Qualifying showed the Mercs still comfortably fastest, with Lewis Hamilton taking pole from Nico Rosberg. Vettel’s Ferrari was next, narrowly ahead of Massa’s Williams. Bottas had been compromised by yellow flags and was sixth. Of more significance, the aero loadings on the car during dry Friday practice suggested the update was working just as the tunnel suggested it would. It had brought an extra 0.4sec of performance. “This year we reckon Ferrari brings an average of 0.2sec to its car every race,” said Smedley. “By Montréal we were about 0.4sec behind them. This has found us those 0.4sec – but they’ve probably added their usual 0.2sec. So essentially, we’ve halved our deficit.”

The race – won comfortably by Rosberg after he out-accelerated Lewis Hamilton off the line – confirmed that the gap between the red car and Martini-liveried one was much closer than it had been. An increasing distance behind the Mercs, Vettel and Massa ran third and fourth for the first half of the race, the Ferrari establishing a useful 6sec cushion over Felipe. But Williams could barely believe its luck as it watched the Ferrari mechanics struggle to attach Vettel’s right-rear wheel at his pitstop. It cost 10sec – easily enough to allow Massa to be ahead as the Ferrari rejoined.

Vettel had about half the distance left to make up those 4sec. He launched himself into it with vigour, and Massa responded, both cars flat out – often lapping quicker than the cruising Mercs – and the gap was sometimes 0.1sec in Vettel’s favour, sometimes 0.2sec. But never more – the updates had worked. Massa meanwhile was faultless. “I knew he’d catch me eventually because the Ferrari is very good on its tyres late on. But I just went as fast as I could to delay how long it took him to get to me – and once he’d arrived I concentrated on not making any mistakes.” He was Bottas-like unflappable for the last 10 laps, helped by the Williams’ greater end-of-straight speed. Another podium, another defeat of the faster Ferrari – and a closing of the gap to that Ferrari.

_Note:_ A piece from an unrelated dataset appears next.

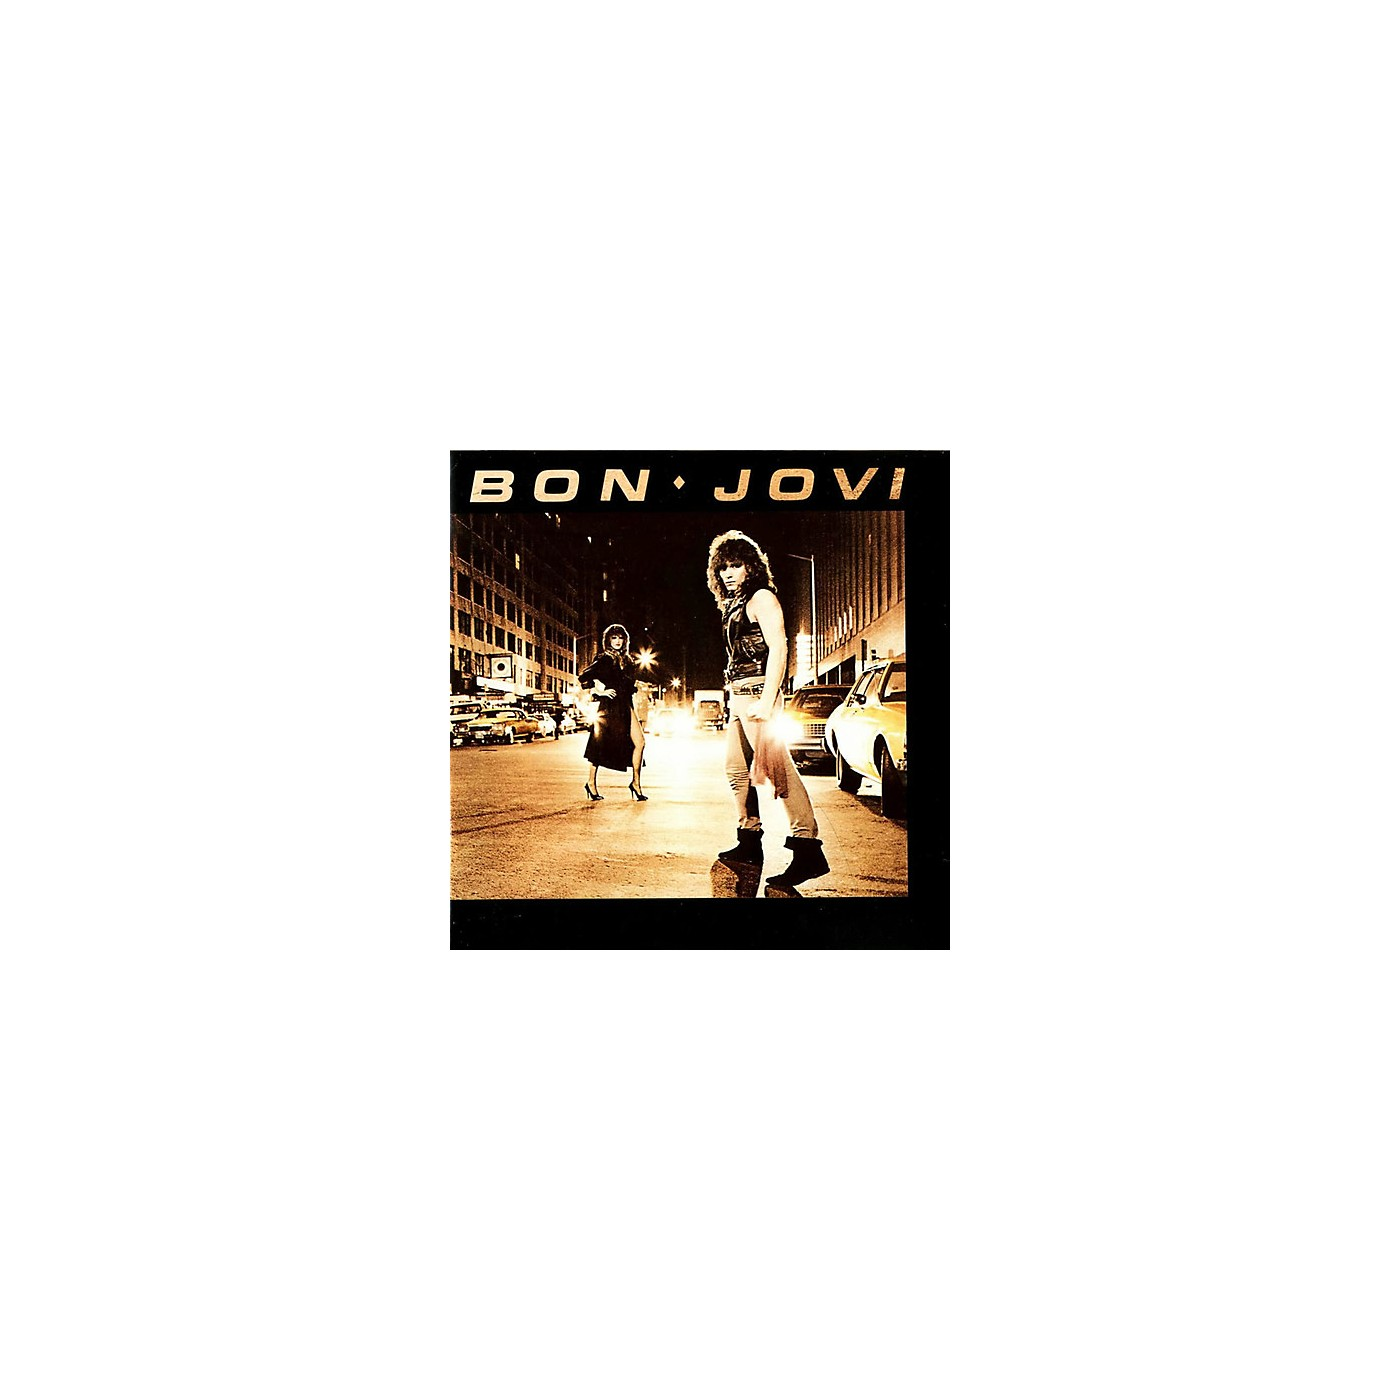 Alliance Bon Jovi - Bon Jovi thumbnail

In the Massa/Vettel dice could be seen the Ferrari’s advantage: braking and front-end low-speed grip. The FW37’s rear end had been tamed, and now it needs a front end that can keep up. In the Williams tunnel, hopefully ready for Hungary, is a new front wing…

Trackside view
Spielberg, Rindt Kurve

“I’m looking down at the Rindt Kurve, a backdrop of tall firs and lush meadows, their long grass damp underfoot from the Friday morning dew, beautiful contours, constant birdsong as the sun breaks through the clouds. Aside from the artificial grass beyond the garishly-painted exit kerb, it all looks much as it would have when this place first hosted the race in 1970, another lifetime ago.

It needs the current cars to place the corner in its true context and out they come, the Honda’s characteristic part-throttle pop as Button completes an installation lap echoing across the valley like gunfire, bouncing off those big old hills. The track is starting its descent down the valley as the turn begins, creating an initial understeer balance that delays the rear tyres loading up until near the apex, at which point, with a lot of lock applied, the rear slides spectacularly.

The first to demonstrate this is Felipe Massa, his moment creating a ‘whoah’ of appreciation from the onlooking fans standing at the fence. It’s a corner entered at about 120mph in fifth gear for most cars, but Pastor Maldonado’s not ready to accept such a limitation on his first full attack through here, carrying in a speed that the front tyres are never going to accept, and it duly spits him out to the run-off area.

Nico Rosberg then arrives with similar entry speed to Maldonado but that Merc just hunkers down and grips. Thus encouraged next time through, Nico is on the gas a full 10 metres before the apex – and the car catapults out of there. That’s what a great car looks like, but even the Manor is great to watch, Will Stevens floating it in there with oversteer manipulated with his right foot. I watched V10 cars through here back in the day – and they did not look this good.”